Desde toda la Eternidad, está el Espíritu Santo abrasado en ansias infinitas de abalanzarse sobre su Iglesia virgen, para fecundizarla con su fuego de amor. (21-5-61)

  

          El día de Pentecostés la Iglesia ha sido como una esposa virgen, que, al contacto amoroso del beso del Espíritu Santo, se fecundizó tan plenamente en sus entrañas virginales, que quedó por la invasión divina, Virgen-Madre de todas las almas. (21-5-61)

          Pentecostés… día de silencio, de oración, de espera y, como fruto de efusión, de abrazo entre Amado y amada. Amor, ¡qué hermosa has hecho a tu esposa la Iglesia por el ímpetu amoroso de tu beso divino! (21-5-61)

El Espíritu Santo desciende sobre el Cenáculo para derramarse en los Apóstoles como Fuego de luz y amor… y todos, embriagados en su caridad infinita, revientan en explicación cantora de la vida divina que Cristo nos trajo desde el seno de María, para que ellos, a través de su sacerdocio, lo comunicaran a todas las almas. (21-5-61)

En el día de Pentecostés, el Espíritu Infinito iluminó las mentes oscurecidas y conturbadas de los Apóstoles, tan pletóricamente, que éstos rompieron en sabiduría sabrosa de explicación comunicativa, en luz y amor de ciencia divina. (14-10-74)

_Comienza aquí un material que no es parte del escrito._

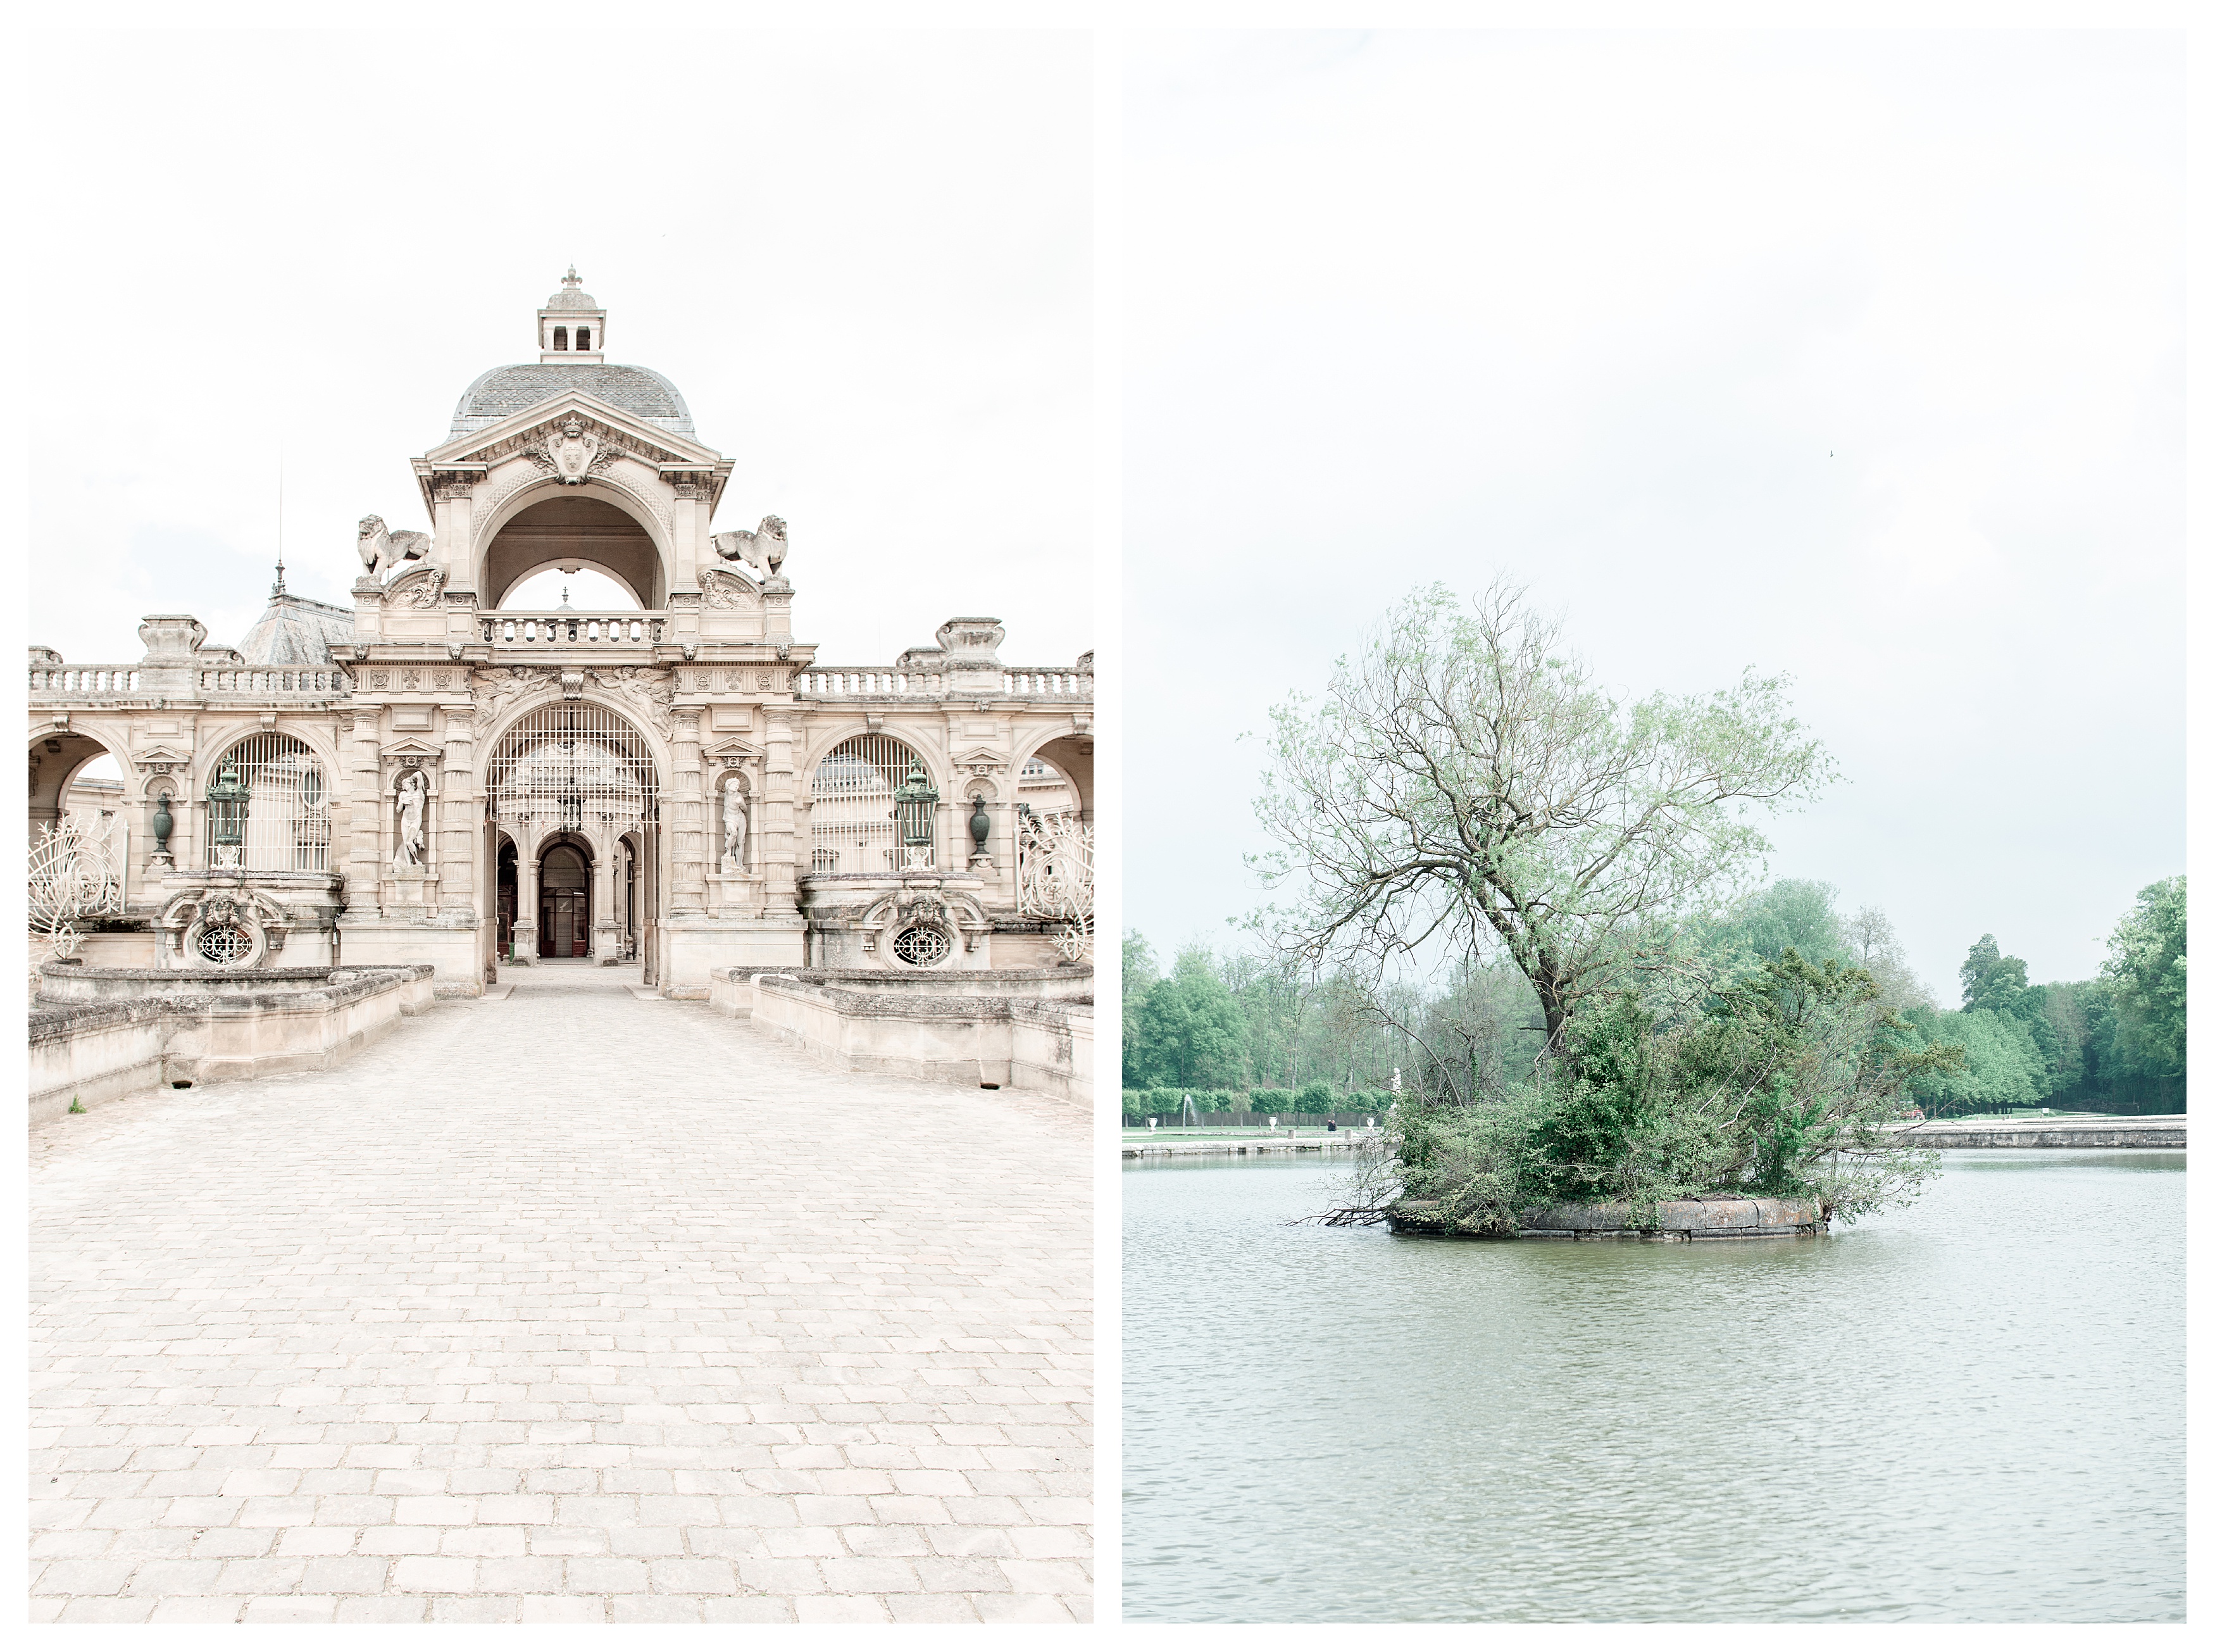 left: the entrance of the château de chantilly. right: a tree grows on a pavilion in a small lake on the property.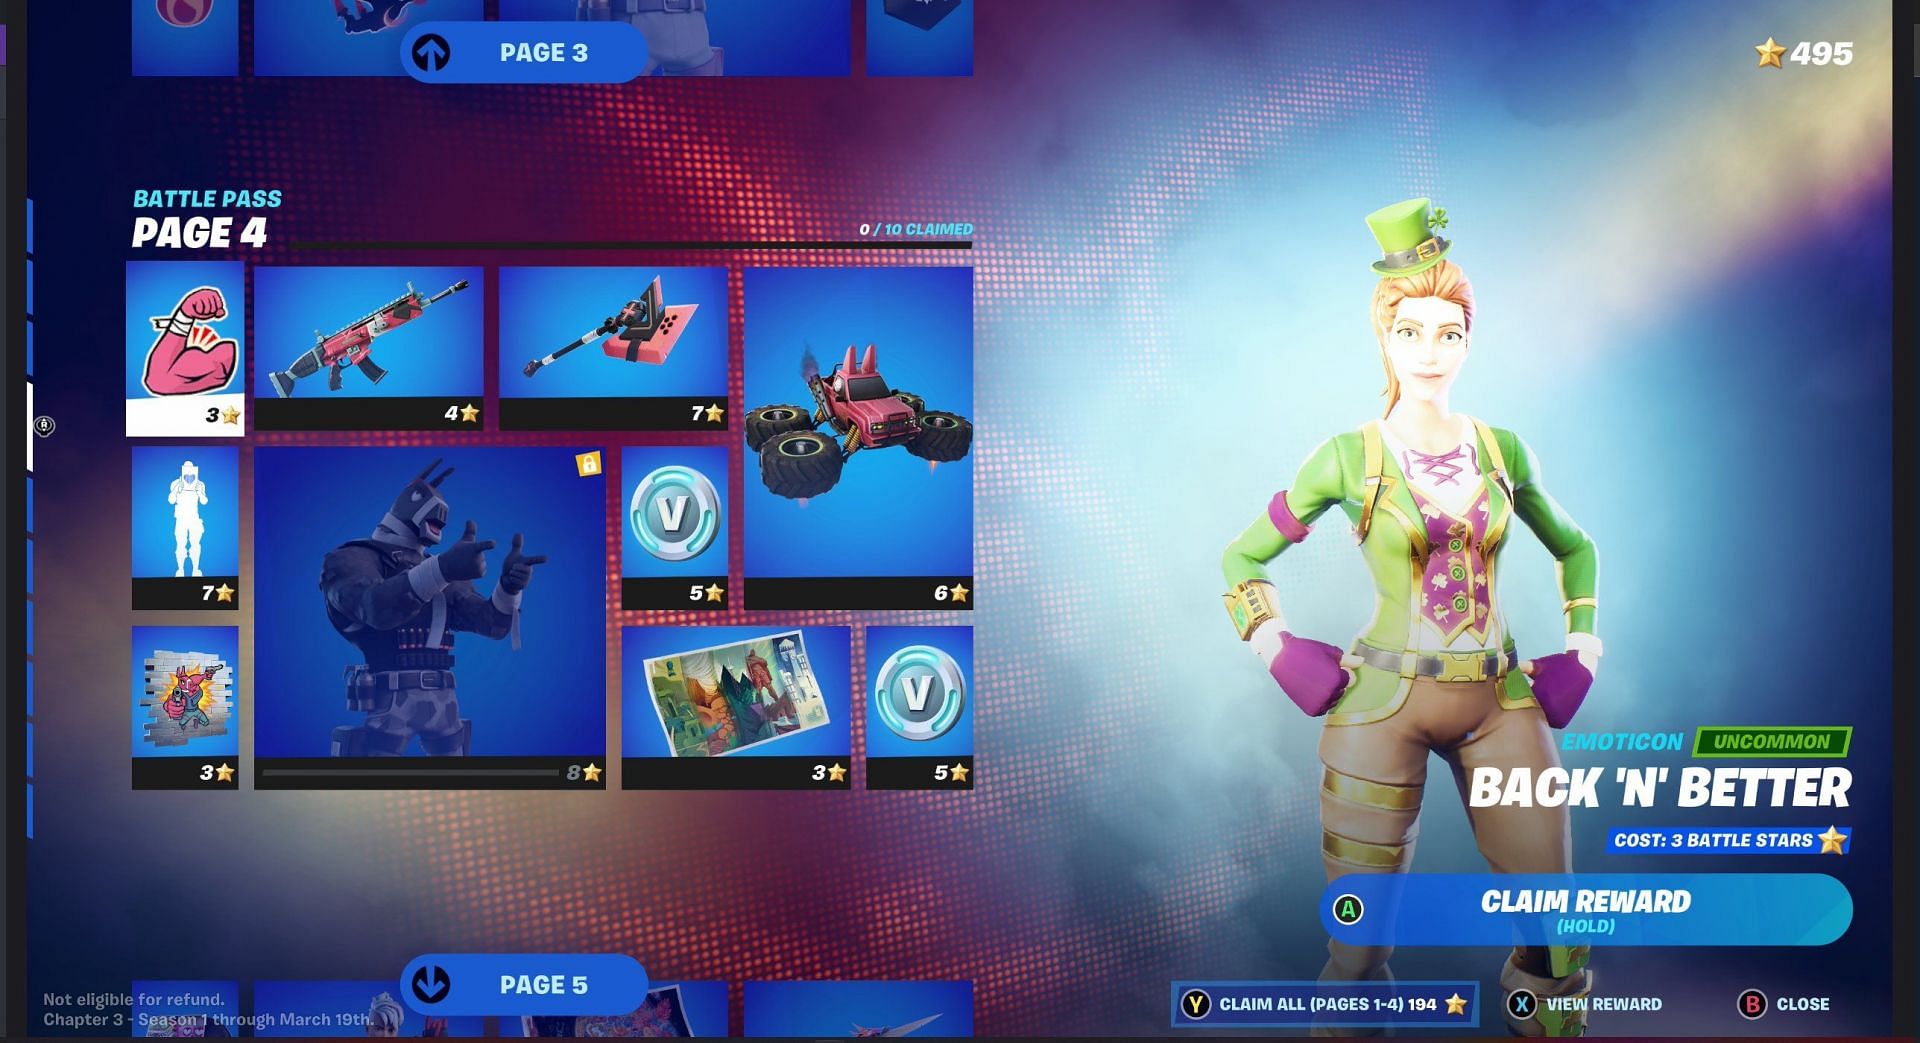 Page 4 of the Battle Pass (Image via Fortnite)

El vivir de los primeros cristianos era seguir el impulso del Espíritu Santo, bajo el cobijo y orientación de los Apóstoles; y éstos ya sabían bien lo que tenían que hacer y decir; conocían saboreablemente al Espíritu de Dios porque vivían en el contacto familiar e íntimo de su cercanía. (21-5-76)

          ¡Cómo experimento que el alma que vive de Dios, en recepción de respuesta amorosa, puede decir con los Apóstoles: «El Espíritu Santo y nosotros hemos determinado….»! (25-4-78)

          ¡Qué saboreablemente comprendo con la penetración de mi pobrecito entender, en sapiencia profunda, que el Espíritu Santo sea el alma de la Iglesia, por la experiencia que, en la médula de mi ser, vivo, al ser impulsada, movida, enseñada, abrasada y fortalecida por el mismo Espíritu Infinito! (25-4-78)

          Los dones del Espíritu Santo son maneras por las que Dios se comunica al alma, infundiéndole la luz de sus misterios en sabiduría que rompe en fortaleza, e impregnándola en el gozo pacífico del don recibido. (27-10-75)

          La palabra que sale de la boca de Dios no vuelve a Él de vacío, porque el Espíritu la hace fructificar en frutos de vida eterna. (25-4-78)

          Cuando la palabra del Padre es pronunciada en mi alma en voluntad infinita de que yo rompa en canción, es el Espíritu Santo el que rebulle en mi pecho abriéndome para recibir la donación del Eterno y haciéndome romper, en el amor de sus fuegos, en canción de Iglesia viva a los hombres. (25-4-78)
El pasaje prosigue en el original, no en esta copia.